To do.
Once the pictures are set aside, reproduce the remaining data exactly.

Information shown.
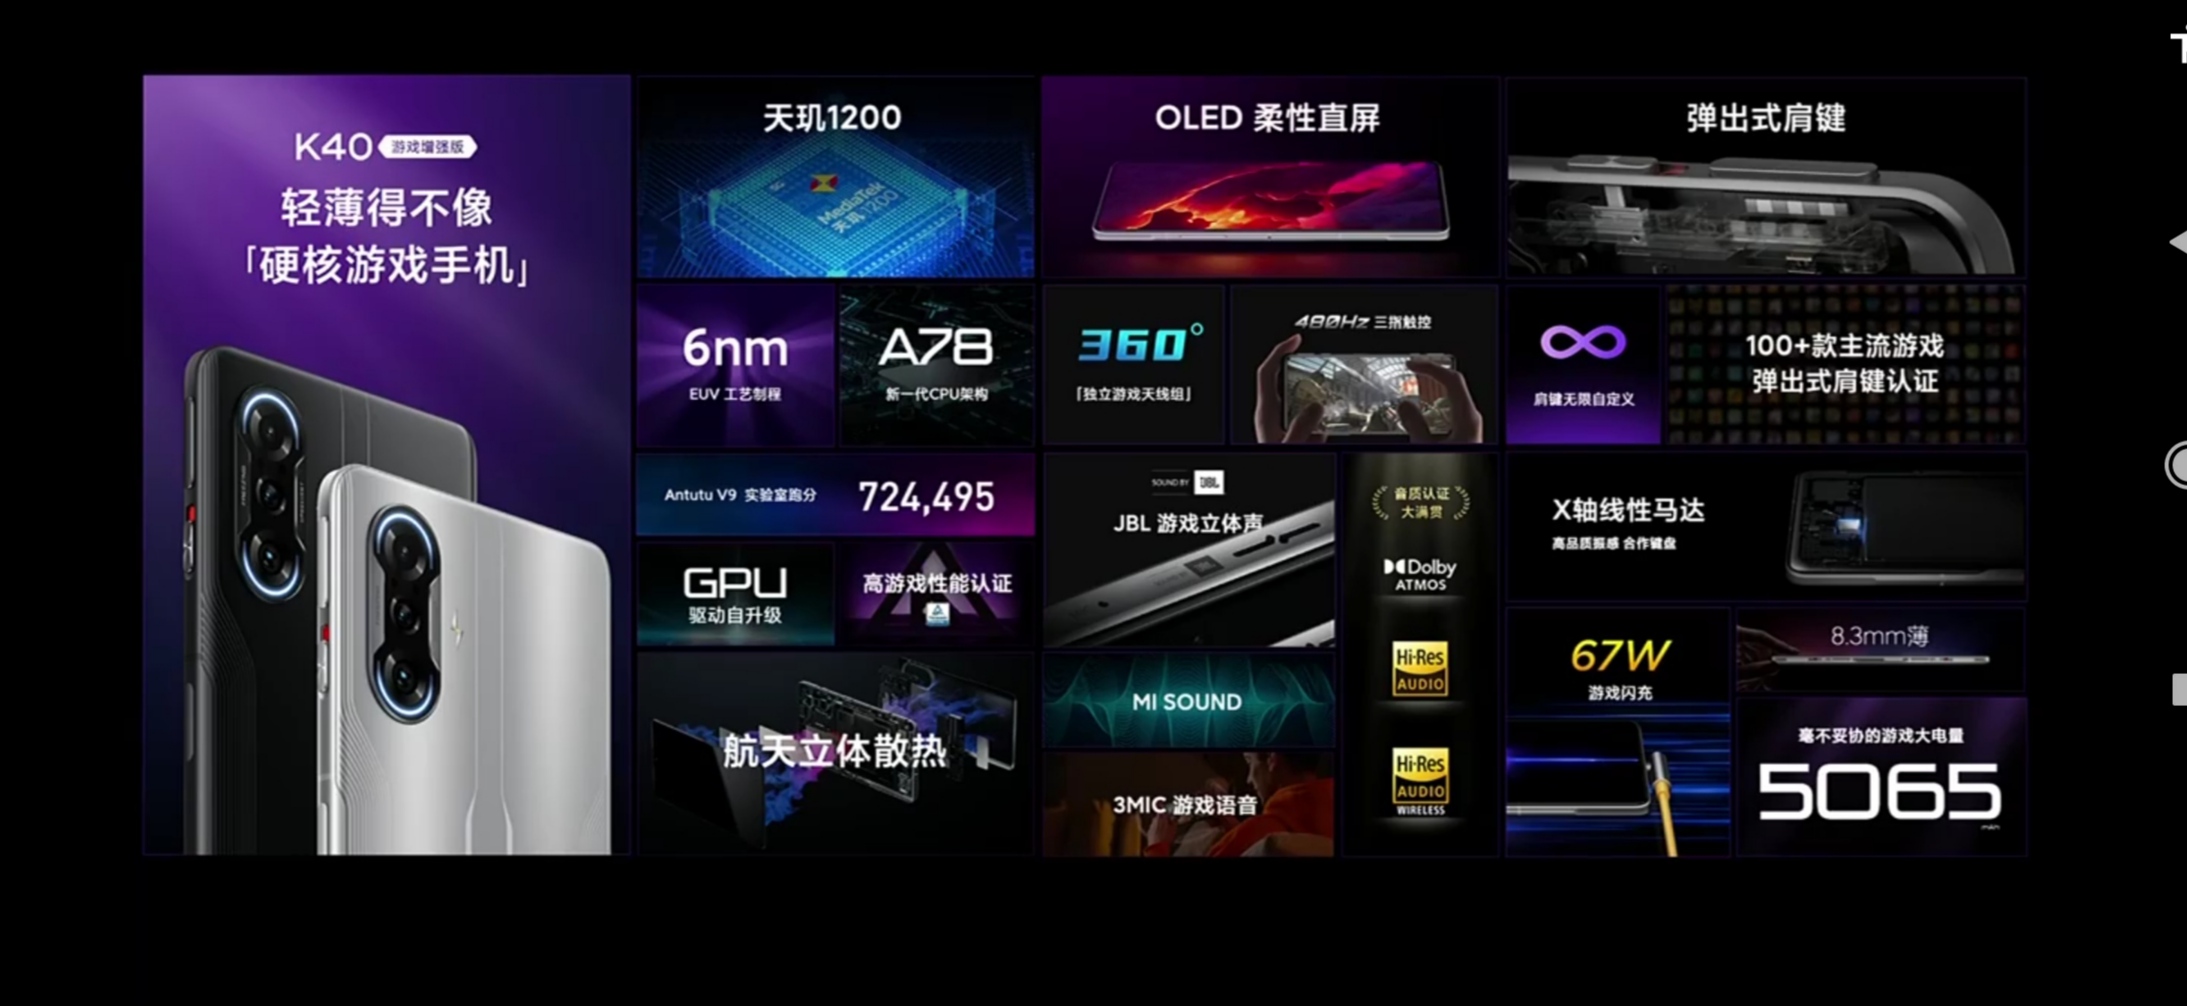 Xiaomi k40 game enhanced edition. Xiaomi Redmi k40 Gaming. Редми к40 гейминг эдишн. Xiaomi Redmi 40 game enhanced Edition. Redmi k40 характеристики.
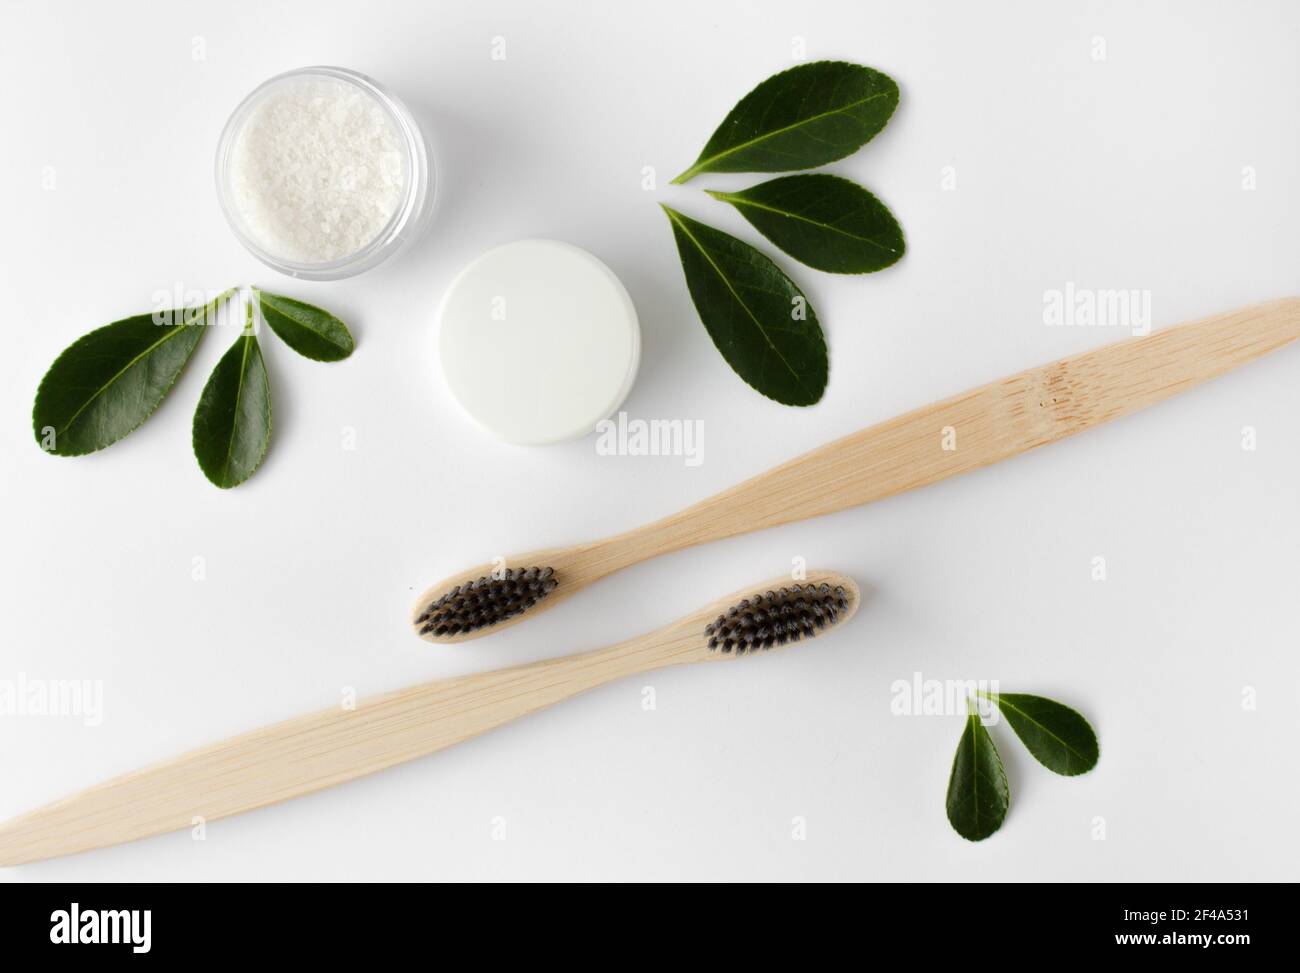 deux brosses à dents écologiques en bambou en bois, dentifrice et feuilles vertes sur fond blanc. Banque D'Images
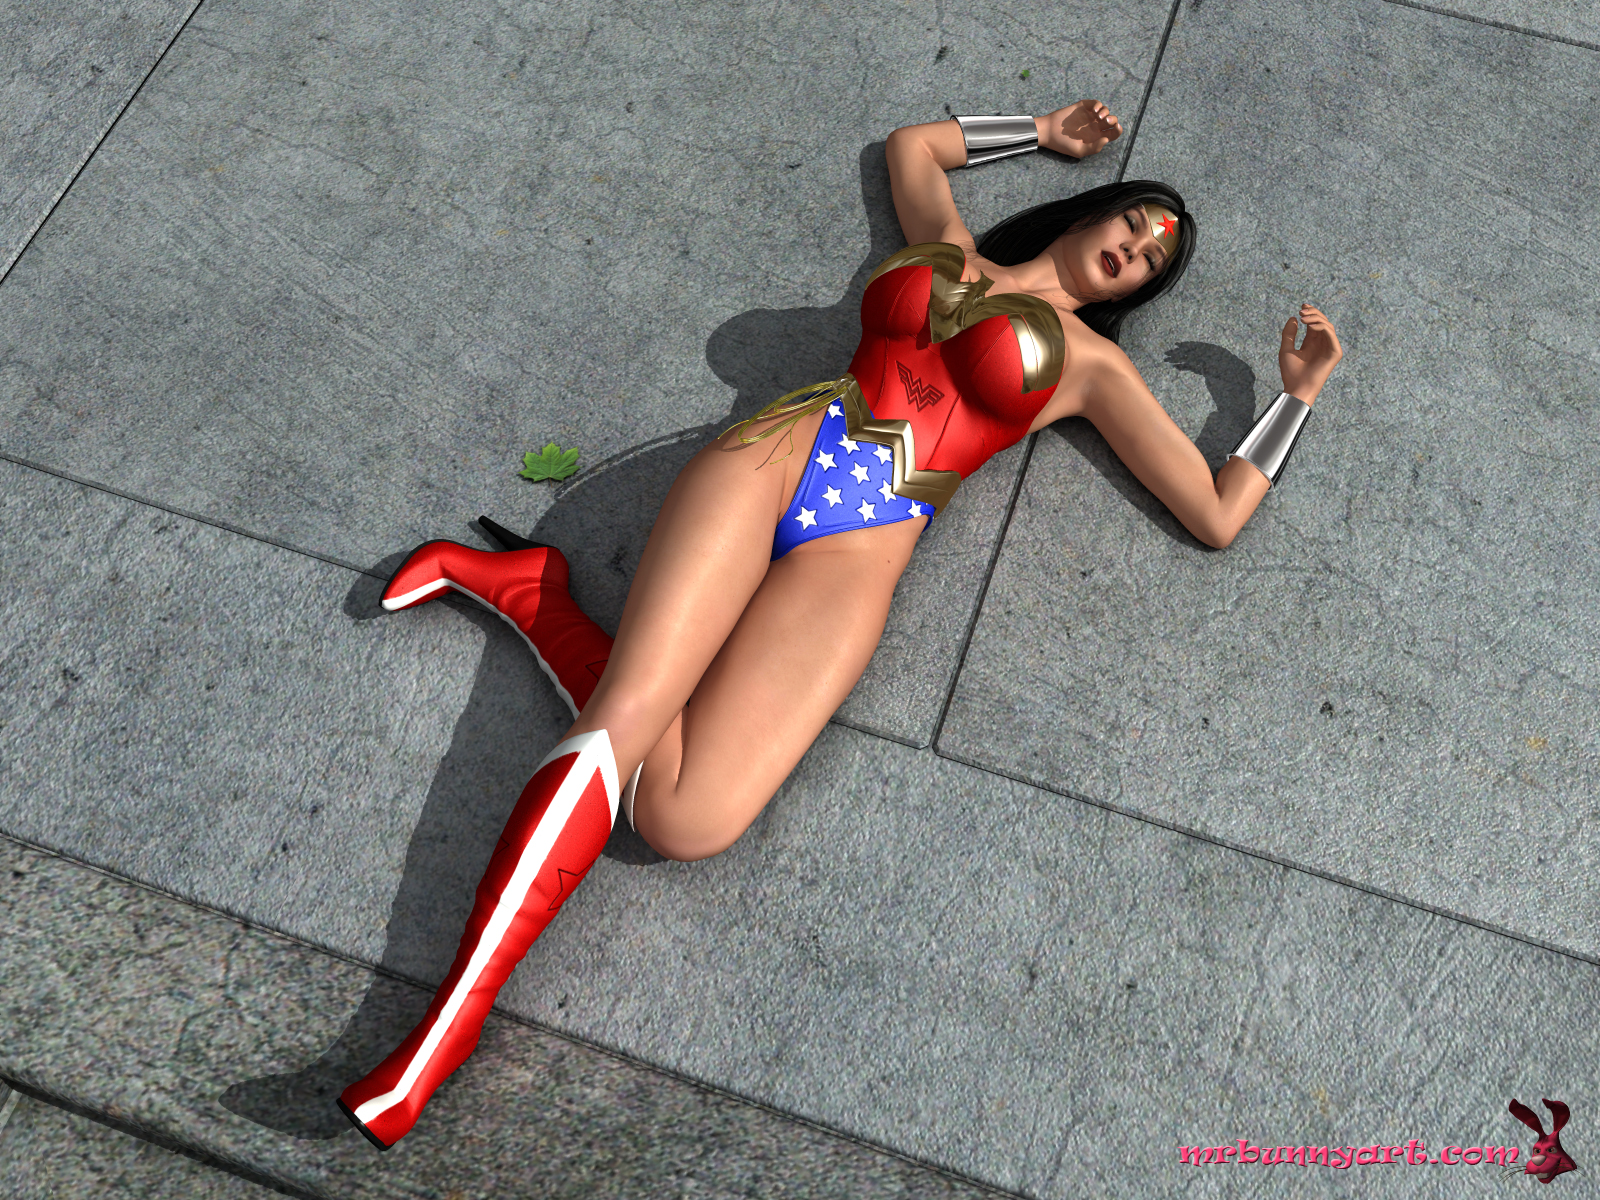 MrBunnyArt – Wonder Woman Vs Cain

Solution to this task.
 Xiaomi k40 game enhanced edition. Xiaomi Redmi k40 Gaming. Редми к40 гейминг эдишн. Xiaomi Redmi 40 game enhanced Edition. Redmi k40 характеристики.
 deux brosses à dents écologiques en bambou en bois, dentifrice et feuilles vertes sur fond blanc. Banque D'Images
 MrBunnyArt – Wonder Woman Vs Cain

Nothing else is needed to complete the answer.